So in order to ingest parquet to nebula, we need to use the parquet reader from spark. A spark application will convert the parquet to the in-memory format Nebula needs for graph processing?
If I have a need to persist the update on the in-memory format for nebula to disk, how can I do it in nebula?
w
wey
11/21/2022, 4:23 AM
Nebula Exchange loaded them from different sources(batch or stream, parquet in HDFS is one of them, clickhouse, MySQL, hive, oracle, Kafka, Pulsar etc. are supported, too) as dataframe and then write to NebulaGraph(either via DML query or generate SST files).
For now there is no direct support of Apache Arrow, while, exchange speaks JDBC, too, could we wire it like Arrow-[JDBC]-Exchange?
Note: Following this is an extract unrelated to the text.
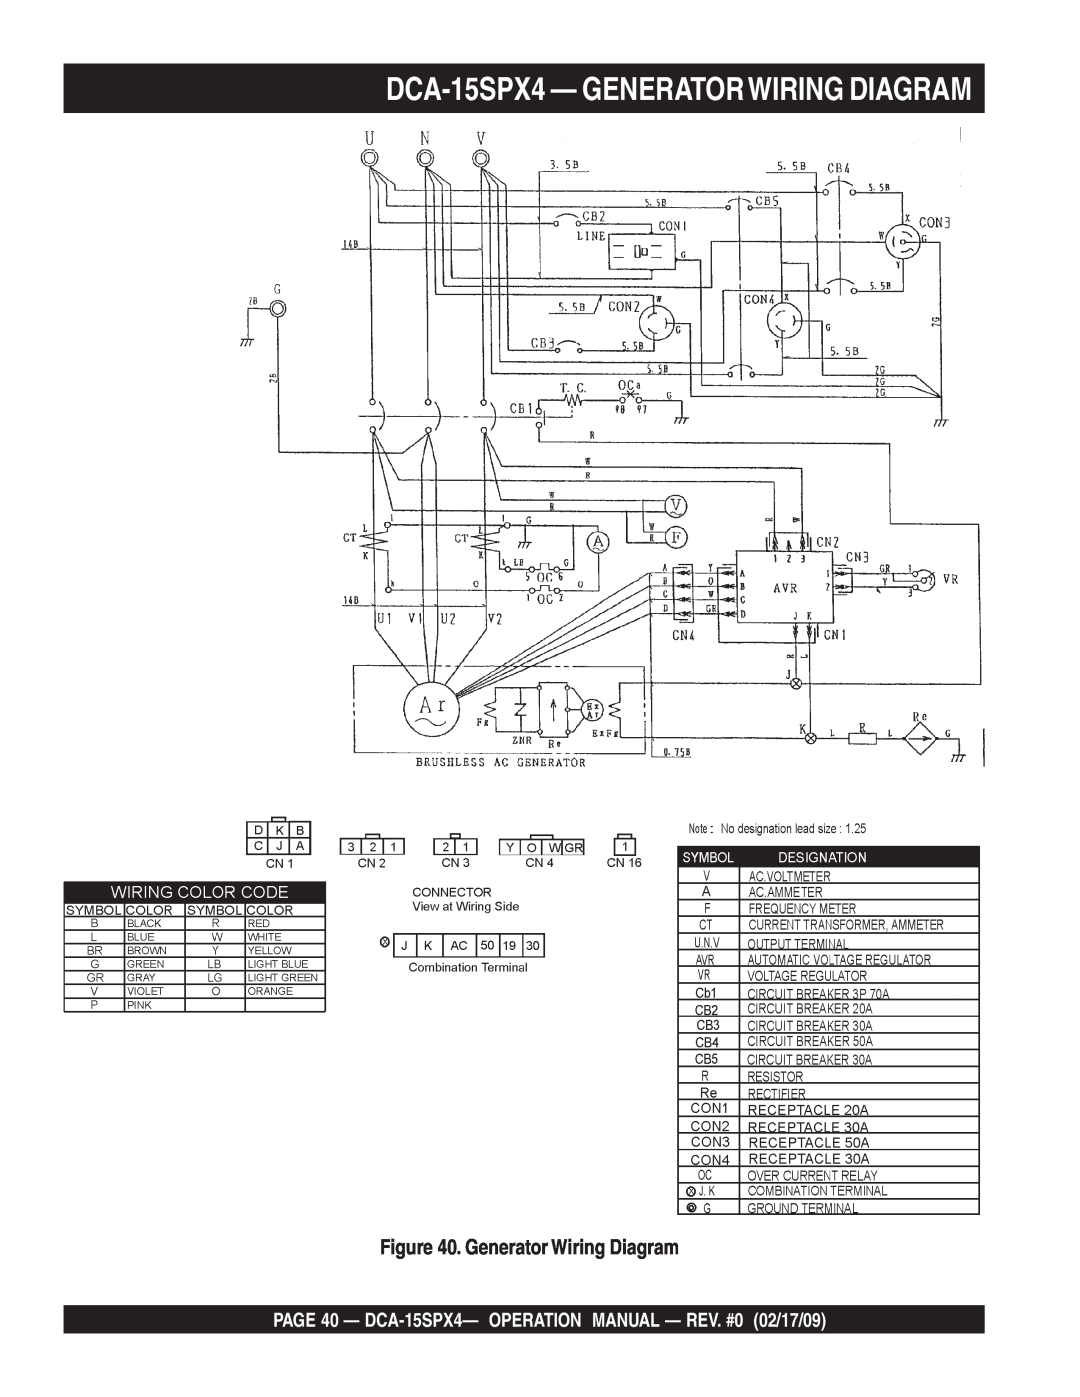 Multiquip operation manual DCA-15SPX4 - GENERATORWIRING DIAGRAM, Generator Wiring Diagram

https://docs.nebula-graph.io/3.3.0/nebula-exchange/use-exchange/ex-ug-import-from-jdbc/
If it’s not doable, could you help create an issue in nebula-exchange for adding support of apache arrow?
c
Chak-Pong Chung
11/21/2022, 3:57 PM
I am not sure whether I understand it.
By JDBC, do you mean persistence of incremental update on the in-memory graph will write to a data source (like a DB) via JDBC?
My question is about how to use Nebula to export the current state of the graph, not to import from some data sources to construct the in-memory graph
m
min wu
11/22/2022, 10:02 AM
Nebula has its own memory/disk format, which is not the parquet format.